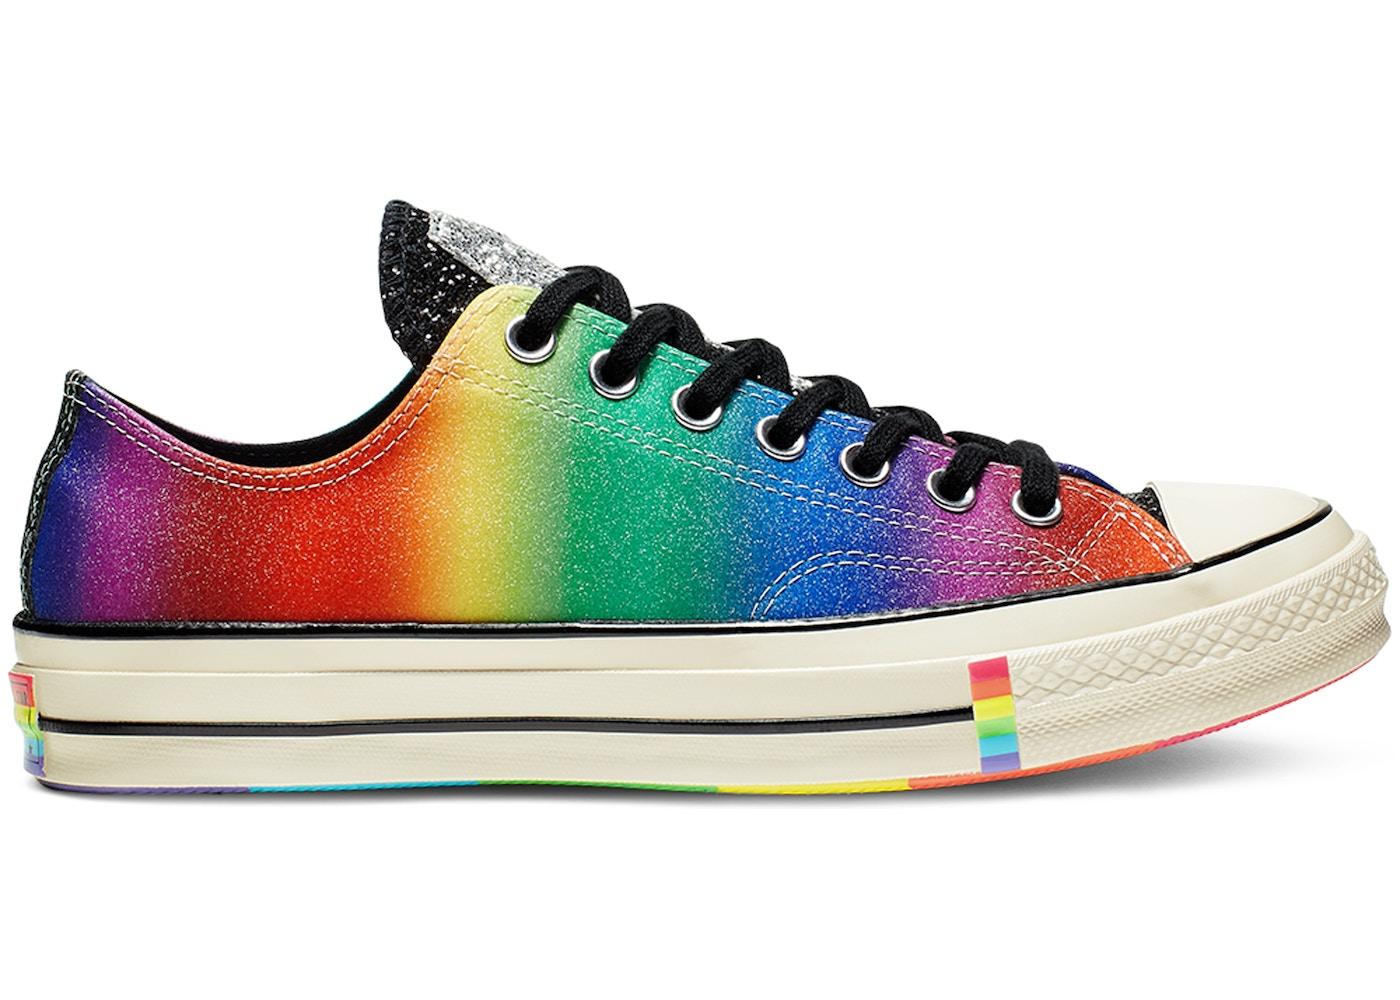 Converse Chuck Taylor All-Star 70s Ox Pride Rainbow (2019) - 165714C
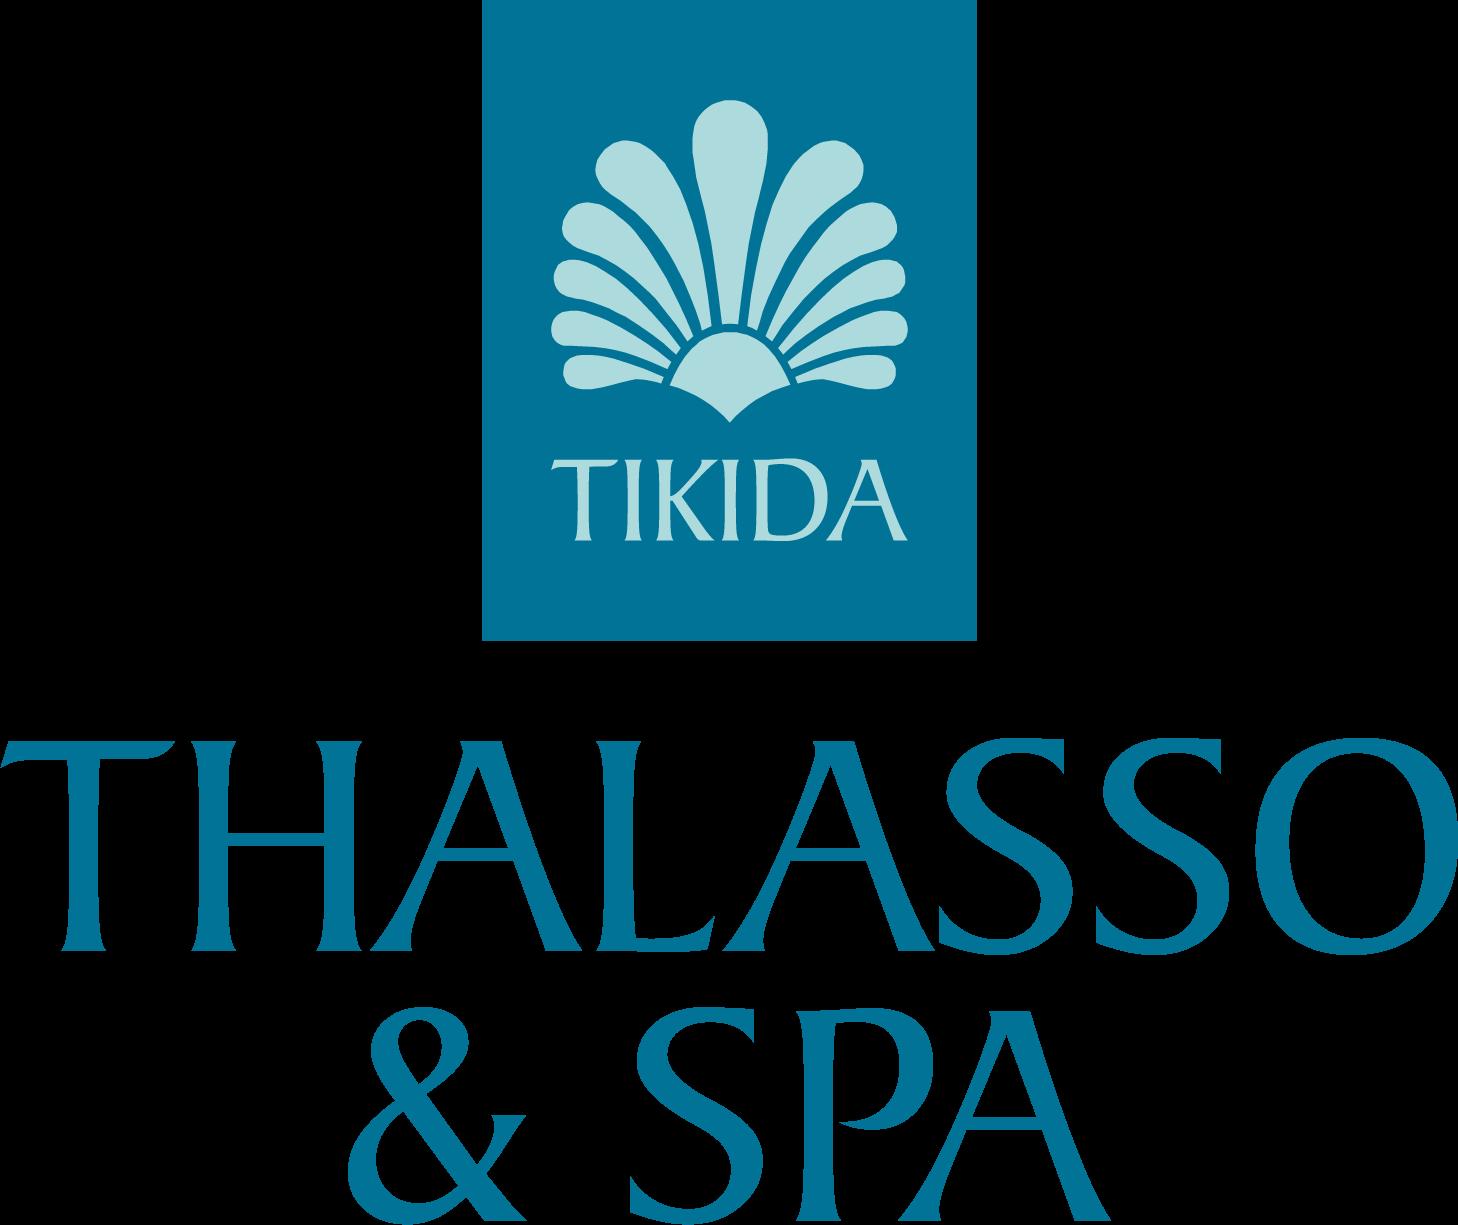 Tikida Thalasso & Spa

---

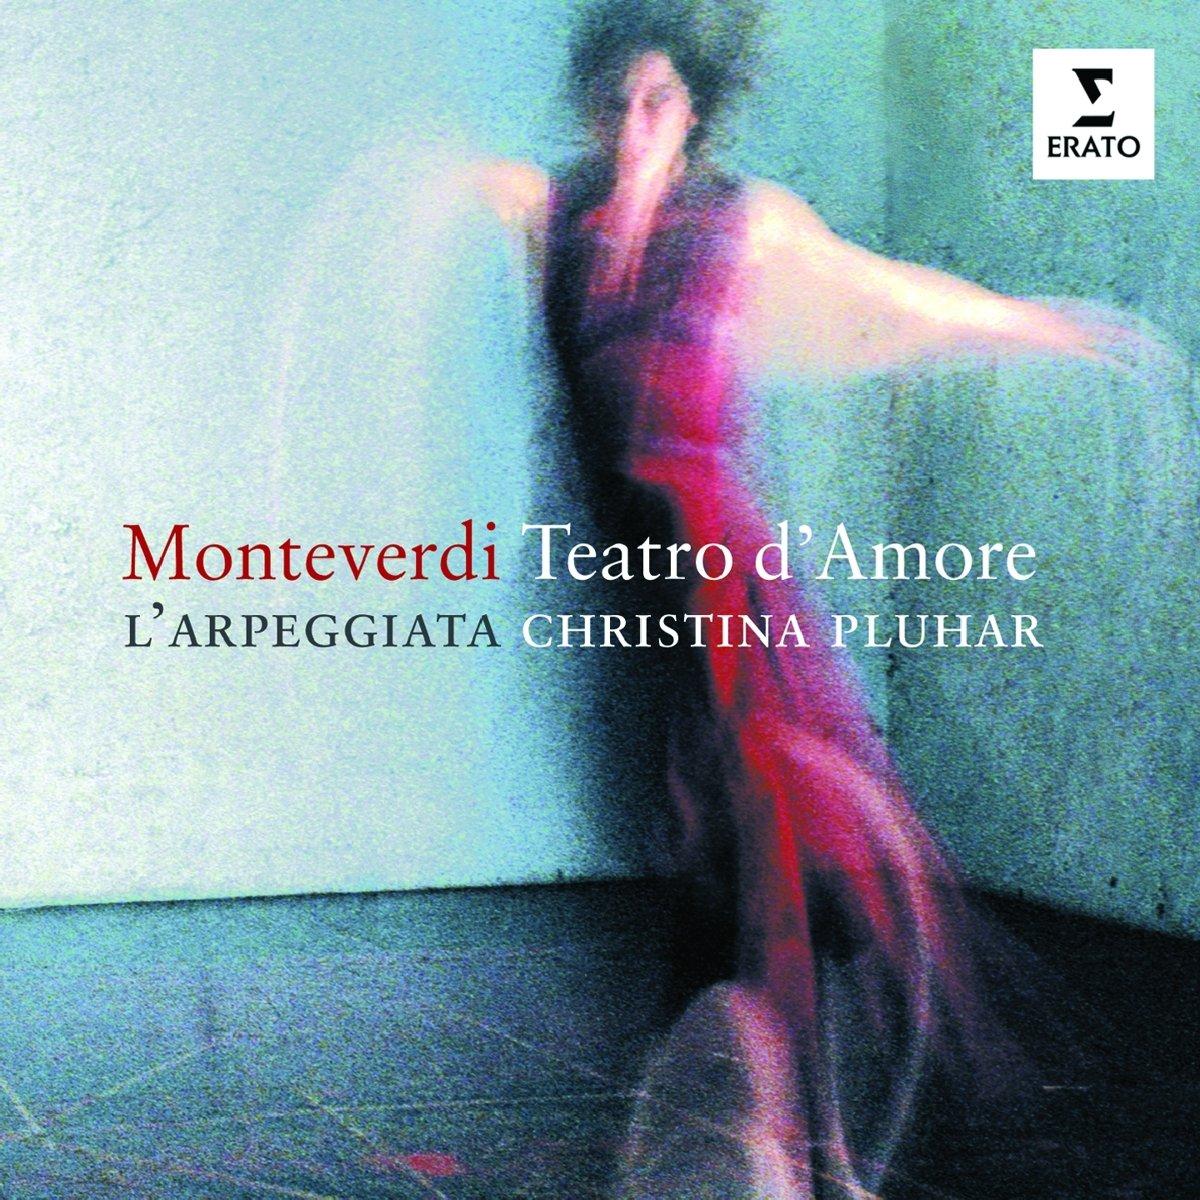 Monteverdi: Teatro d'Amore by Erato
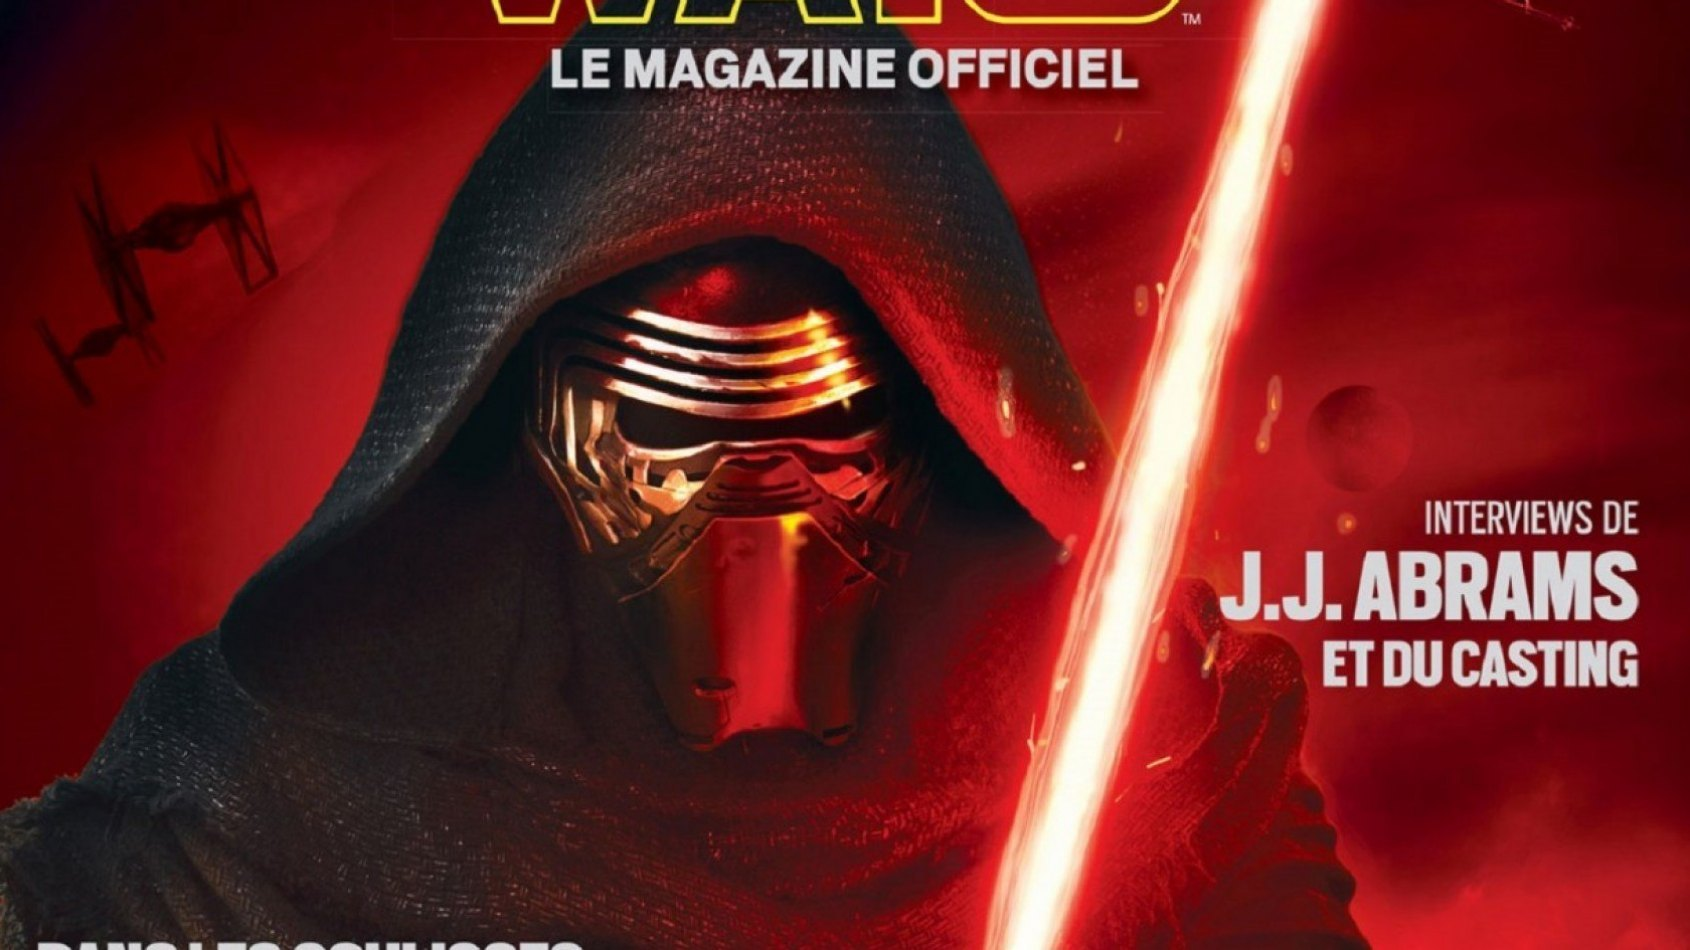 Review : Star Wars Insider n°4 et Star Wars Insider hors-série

--

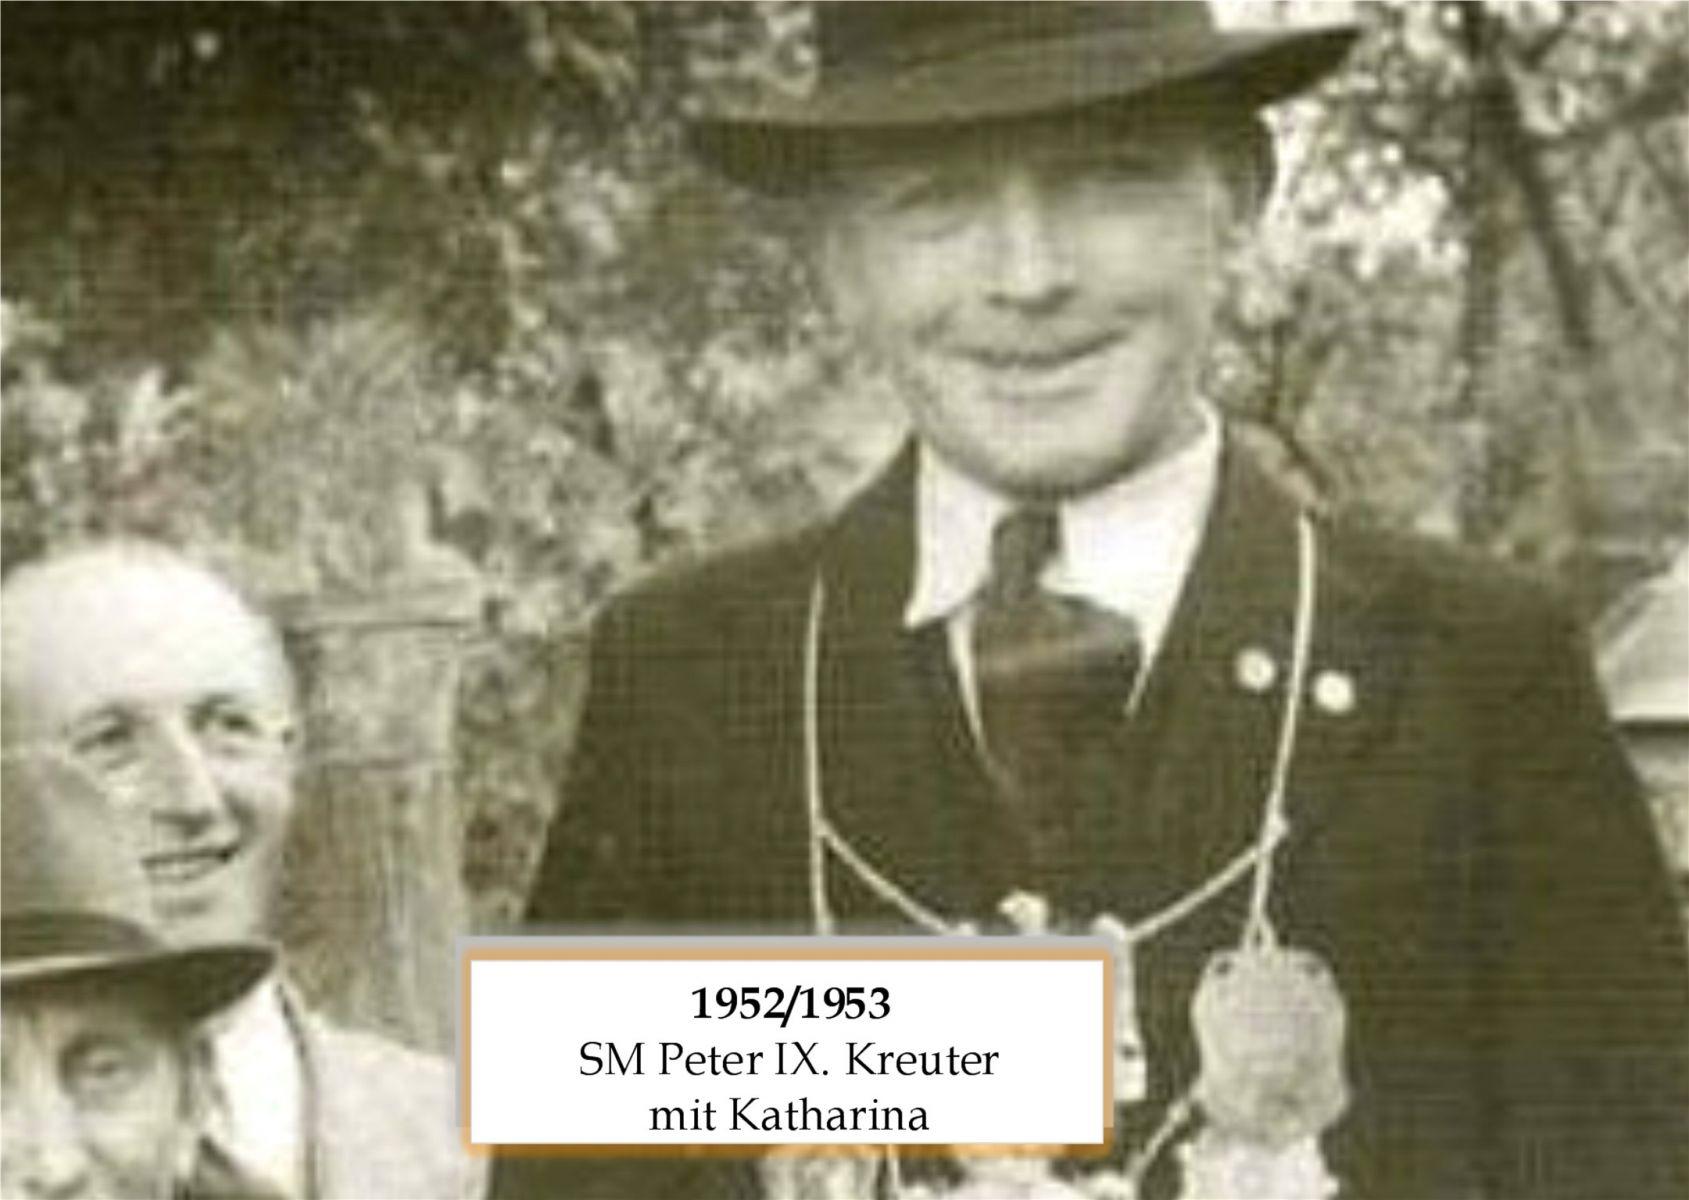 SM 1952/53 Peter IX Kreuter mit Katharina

■ ACTIVITY ■
Would you copy the lines above exactly, starting with the one that has "Converse Chuck Taylor" and ending with the one that has "Tikida Thalasso & Spa", both included, without the pictures?

■ TASK SOLUTION ■
 Converse Chuck Taylor All-Star 70s Ox Pride Rainbow (2019) - 165714C
 Tikida Thalasso & Spa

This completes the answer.